I saw 4 Great Pyrs come across my Facebook today. The owner is selling all his goats and dumped his 4 Pyrs. All are at a high kill shelter and will likely be euthanized. If you are looking for a LGD and are anywhere near TN, here is your chance!


----------



## dwbonfire (Oct 3, 2012)

ugh that is sad.. why cant people be responsible and try to place the dog in a new home rather than dumping them! what a shame. i wish i was closer


----------



## Stubbornhillfarm (Oct 3, 2012)

What a shame!  There are so many people that would love to have the opportunity to have LGD's.  I hope that someone in that area can at least foster them until suitable homes can be found.


----------



## Alice Acres (Oct 3, 2012)

I shared it as well - I have dog friends all over the country, some in TN. Hope these dogs can get new homes, and better yet - homes with stock!


----------



## redtailgal (Oct 3, 2012)

they were all adopted out about half an hour ago.


----------



## Southern by choice (Oct 3, 2012)

:bun
Hopefully this will have a happy ending and the dogs will be in their forever homes!
It is so sad... right now though, so many people are in foreclosure and losing everything you never really know the circumstances. I'm glad these guys found a home. One day when I am on more land I would love to do LGD foster program.


----------



## that's*satyrical (Oct 3, 2012)

redtailgal said:
			
		

> they were all adopted out about half an hour ago.

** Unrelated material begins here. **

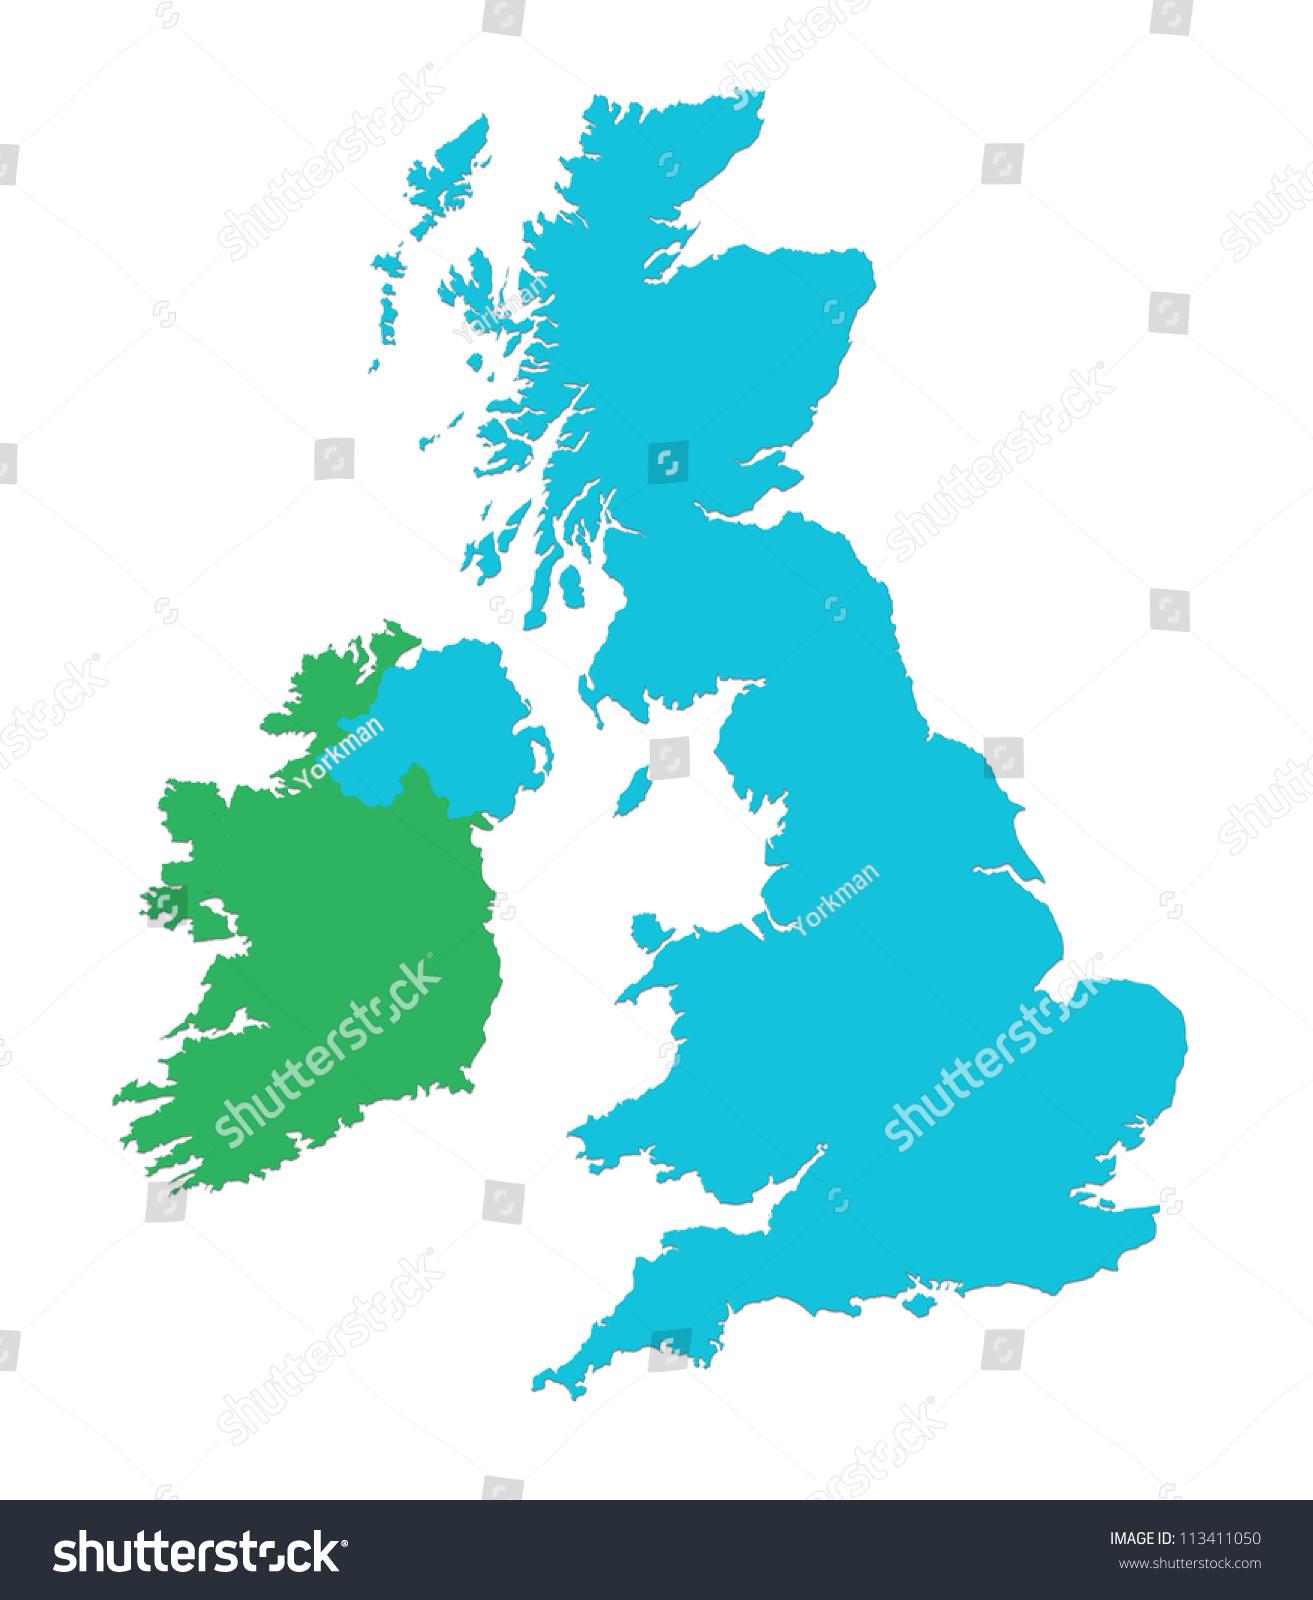 Outline Map Uk Ireland Over White Stock Illustration 113411050

Boo  my friend just headed up there to get one & she really needs a Great Pyr for her herd.


----------



## Stubbornhillfarm (Oct 3, 2012)

That is great news!  It would be wonderful if they could stay together as a team.  Thanks for the update!

that's*satyrical, I hope that your friend is able to get one somewhere.  I know there are many more out there that are in need of homes.


----------



## dwbonfire (Oct 3, 2012)




----------



## Straw Hat Kikos (Oct 3, 2012)

I'm glad someone took them. That would have been a real shame.


----------



## BlondeSquirrel04 (Oct 3, 2012)

redtailgal said:
			
		

> they were all adopted out about half an hour ago.


Really??? How do you know? Do you know if they all went together?


----------



## that's*satyrical (Oct 4, 2012)

Well I am glad if they all found homes just would have sucked for her since it was quite a drive for her....


----------